No balls or strikes for this umpire
In Rich Neufeld’s perfect world, he won’t be very visible this weekend at the Canadian Secondary Schools Rowing Association championships on Martidnale Pond.
In fact, the less Neufeld is involved, the better.
“On the day of, if everything is running smoothly, there’s not a whole lot for me to do,” said Neufeld, who is in his fifth season as head umpire of the regatta. “If nothing is going wrong, then I’m just hanging out monitoring the radio and my phone.”
Neufeld, who began volunteering as an umpire 15 years ago, said many of his duties require advanced planning.

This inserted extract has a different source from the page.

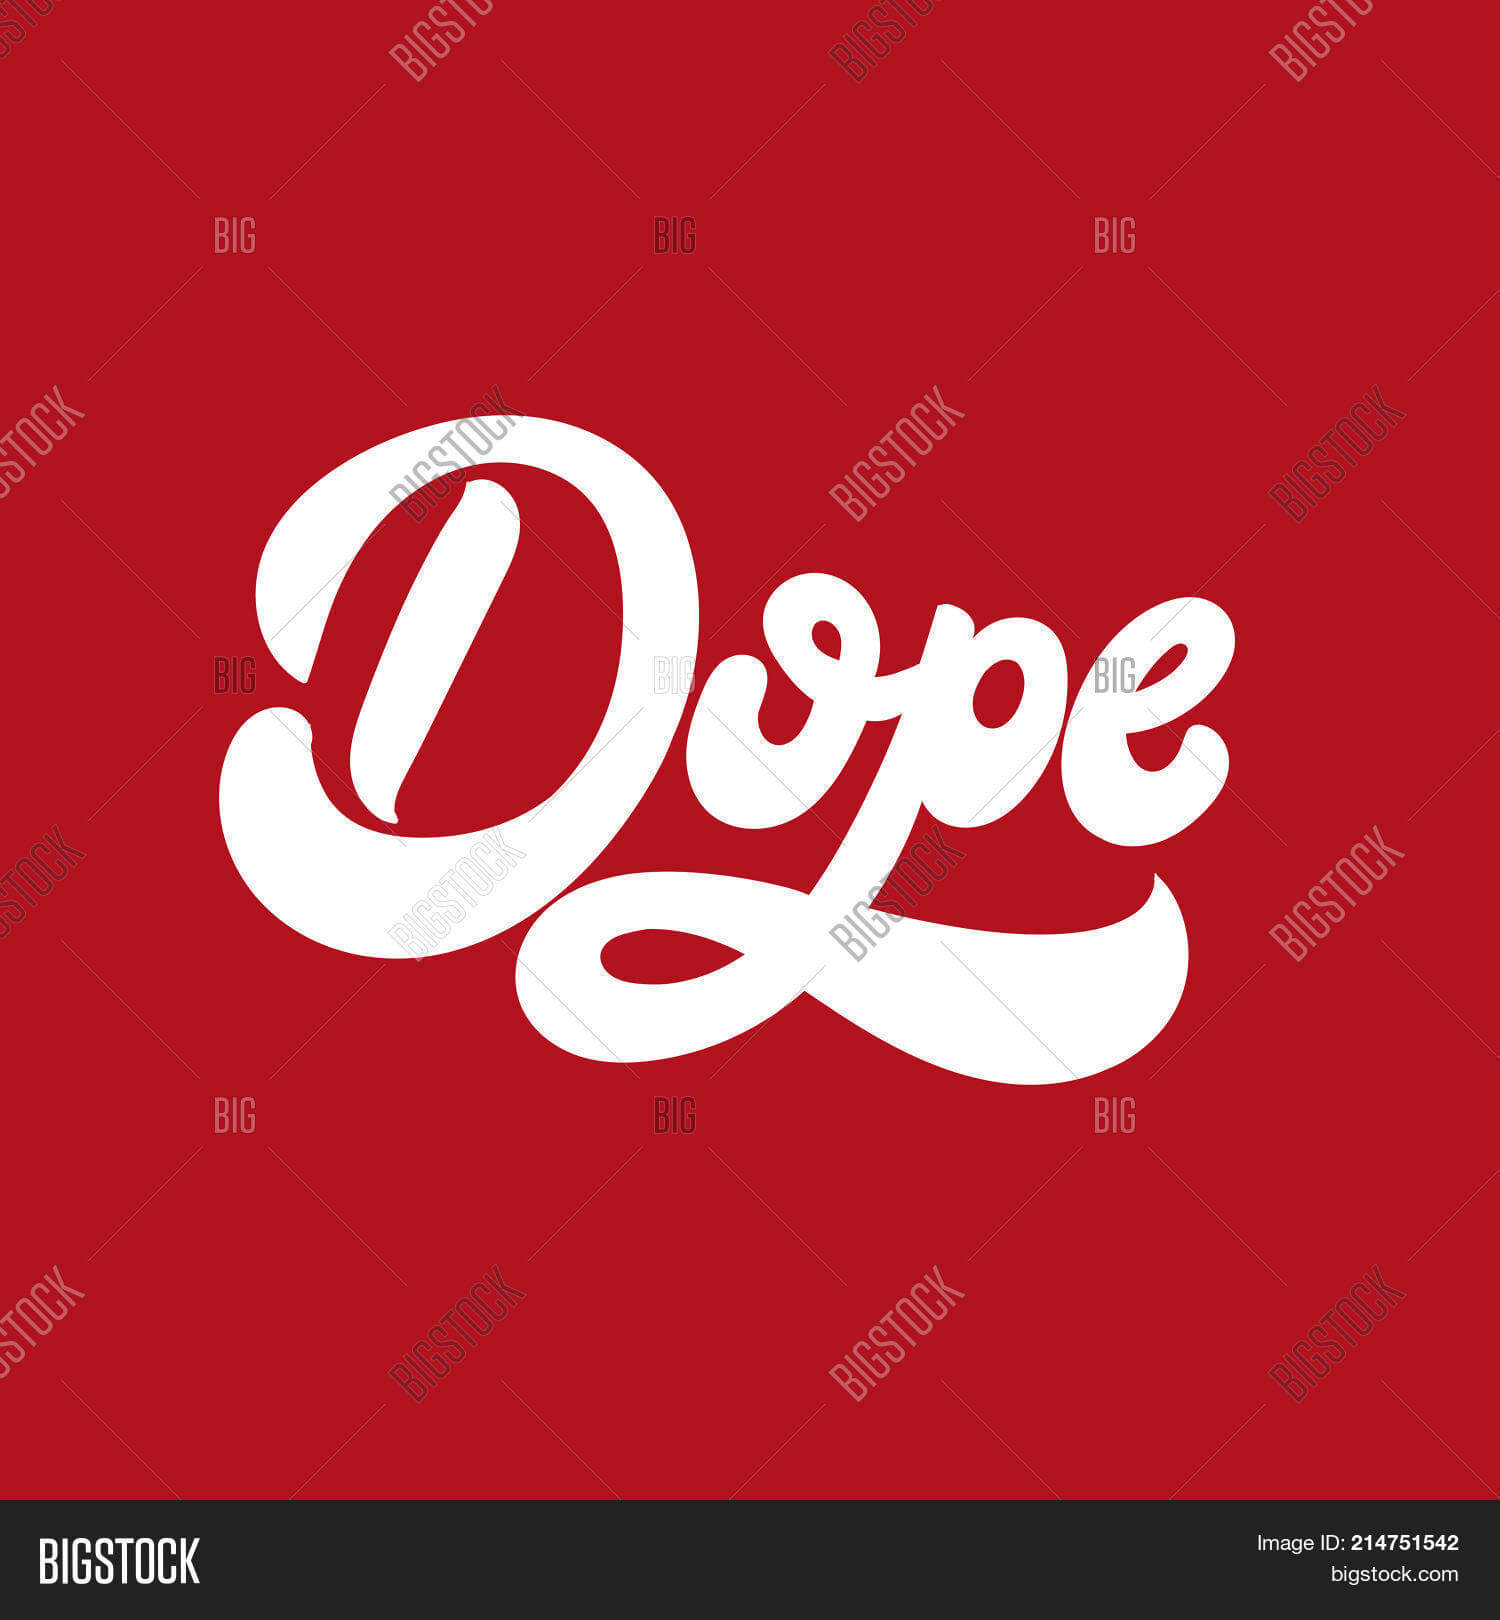 Dope. Vector Vector & Photo (Free Trial) | Bigstock Within Dope Card Template

“I monitor everything and put the right people in the right places,” said Neufeld, a 61-year-old retired shop teacher. “It’s organizing. Row Ontario about a month before a regatta puts out a call for umpires and I set it up from there. I don’t know how they did it before e-mail. It must have been endless phone calls.”

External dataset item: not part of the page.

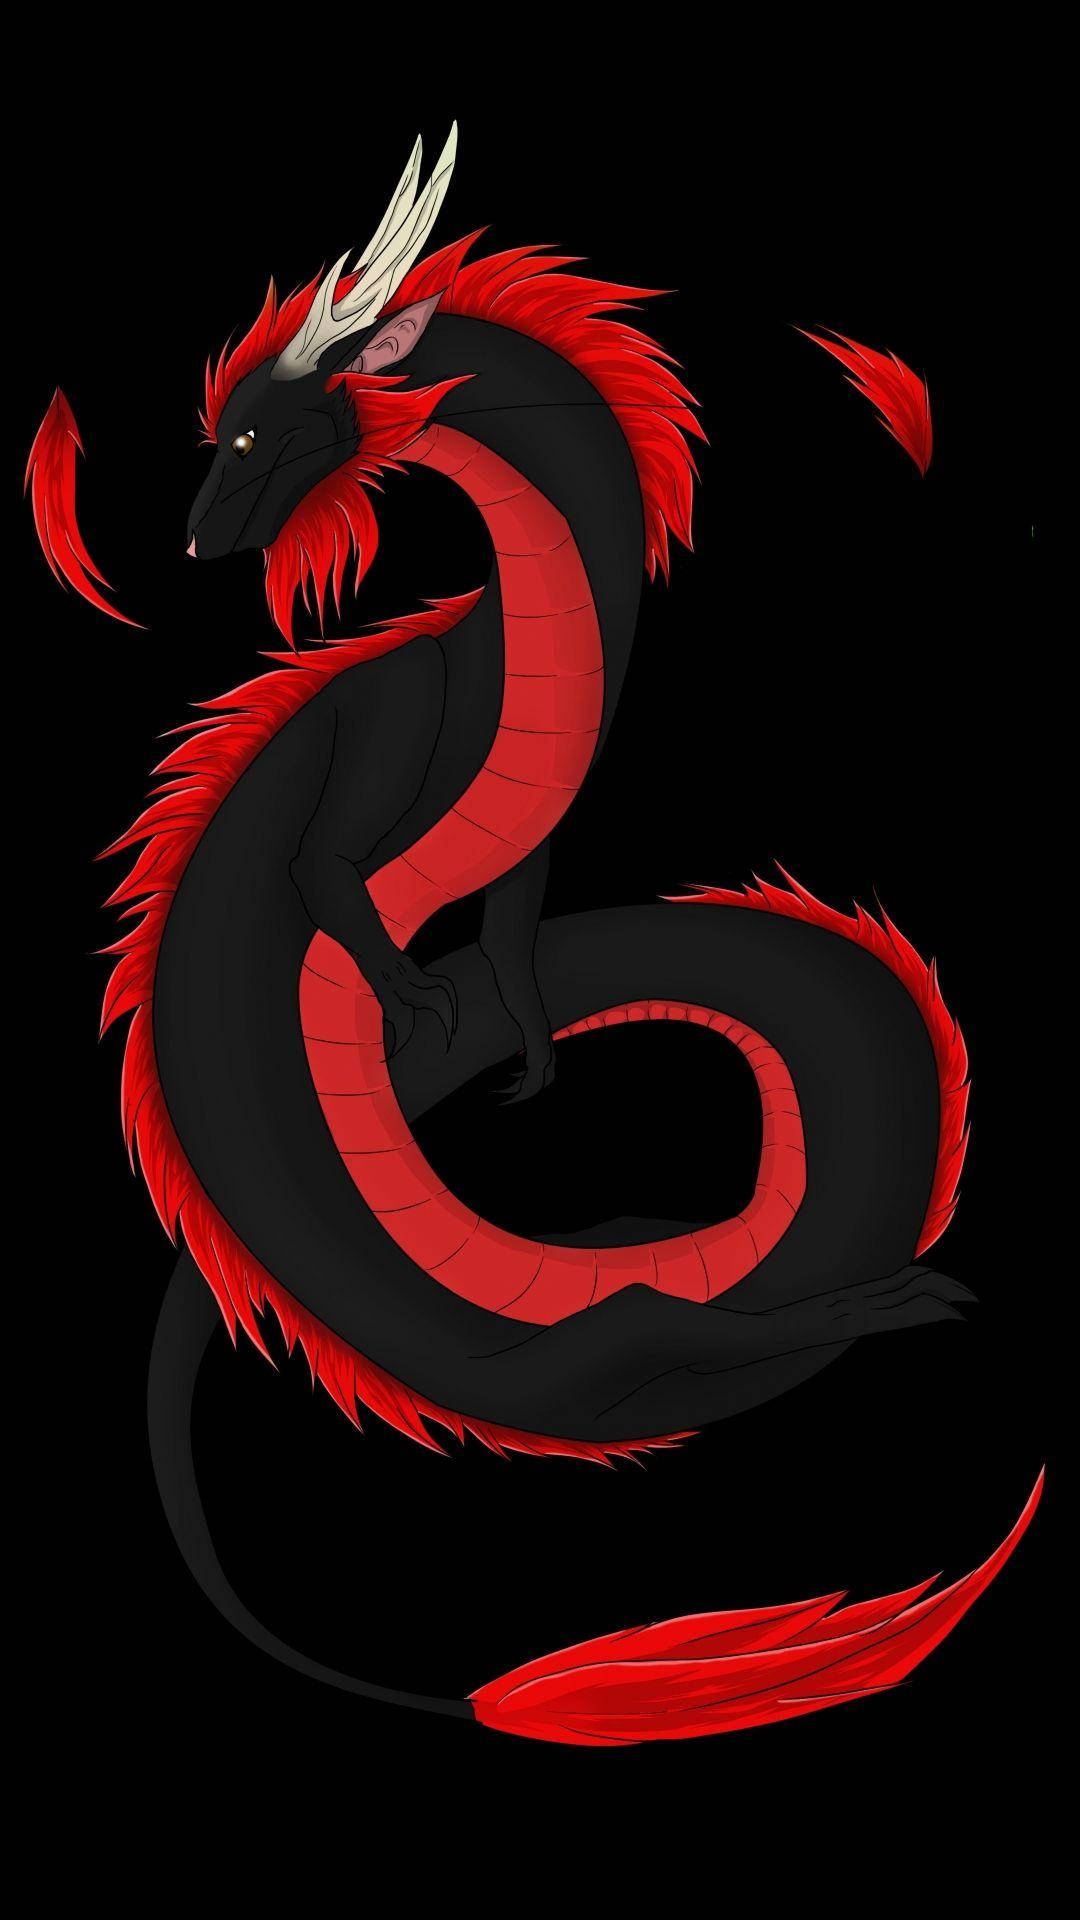 Red And Black Dragon For Iphone Screens Wallpaper

Neufeld says umpires have a variety of jobs on the course.
“Umpires are responsible that the races are fair and the races are safe,” he said. “Everything kind of stems from that.”

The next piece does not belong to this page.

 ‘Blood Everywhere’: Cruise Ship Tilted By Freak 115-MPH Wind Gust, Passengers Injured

Neufeld explained umpires also make sure the shells have the proper rowers in them and track the crews in each lane for safety reasons. He also stressed a good umpire at the start is crucial for both safety and timing reasons.
“The crews are called five minutes before and warned every minute. At two minutes (before), they are locked into the gate and if they are not locked in they could be assessed a yellow card,” he said.
Umpires also follow the racers down the course to make sure they stay in their respective lanes and don’t interfere with the other crews.
As head umpire, he stations himself in the regatta office on the island, but also heads out on a boat once in a while just to make sure everything is running smoothly.
He has seen some odd things over the years, including a drone at last year’s regatta.
“I’m sometimes surprised when coaches cheat. Surprised and disappointed,” he said. “Last year, we had a parent with a coach and a drone over the race. Now they put it into the rules, it’s not allowed.”
He has also witnessed coaches or parents communicating with rowers using megaphones and signals during the races.
“You’re not allowed to electronically communicate with the rowers during a race. Now, it’s almost impossible to stop because everyone has a phone.”
Neufeld rowed in high school at Grantham and then at Western before taking a break to start his career and a family.
He took up umpiring at the suggestion of some buddies over a beer one night.
“Umpiring was a way to give back. I coached for awhile but that was every day, six or seven days a week,” he said. “When my kids were young, I basically went away and didn’t do anything with rowing.”
Neufeld enjoys the social aspect of his job and doesn’t appear ready to retire at any time soon.
“I guess they were looking for somebody who was a sucker. I was told at the time you are the chief umpire until you find your own replacement,” he said, with a smile.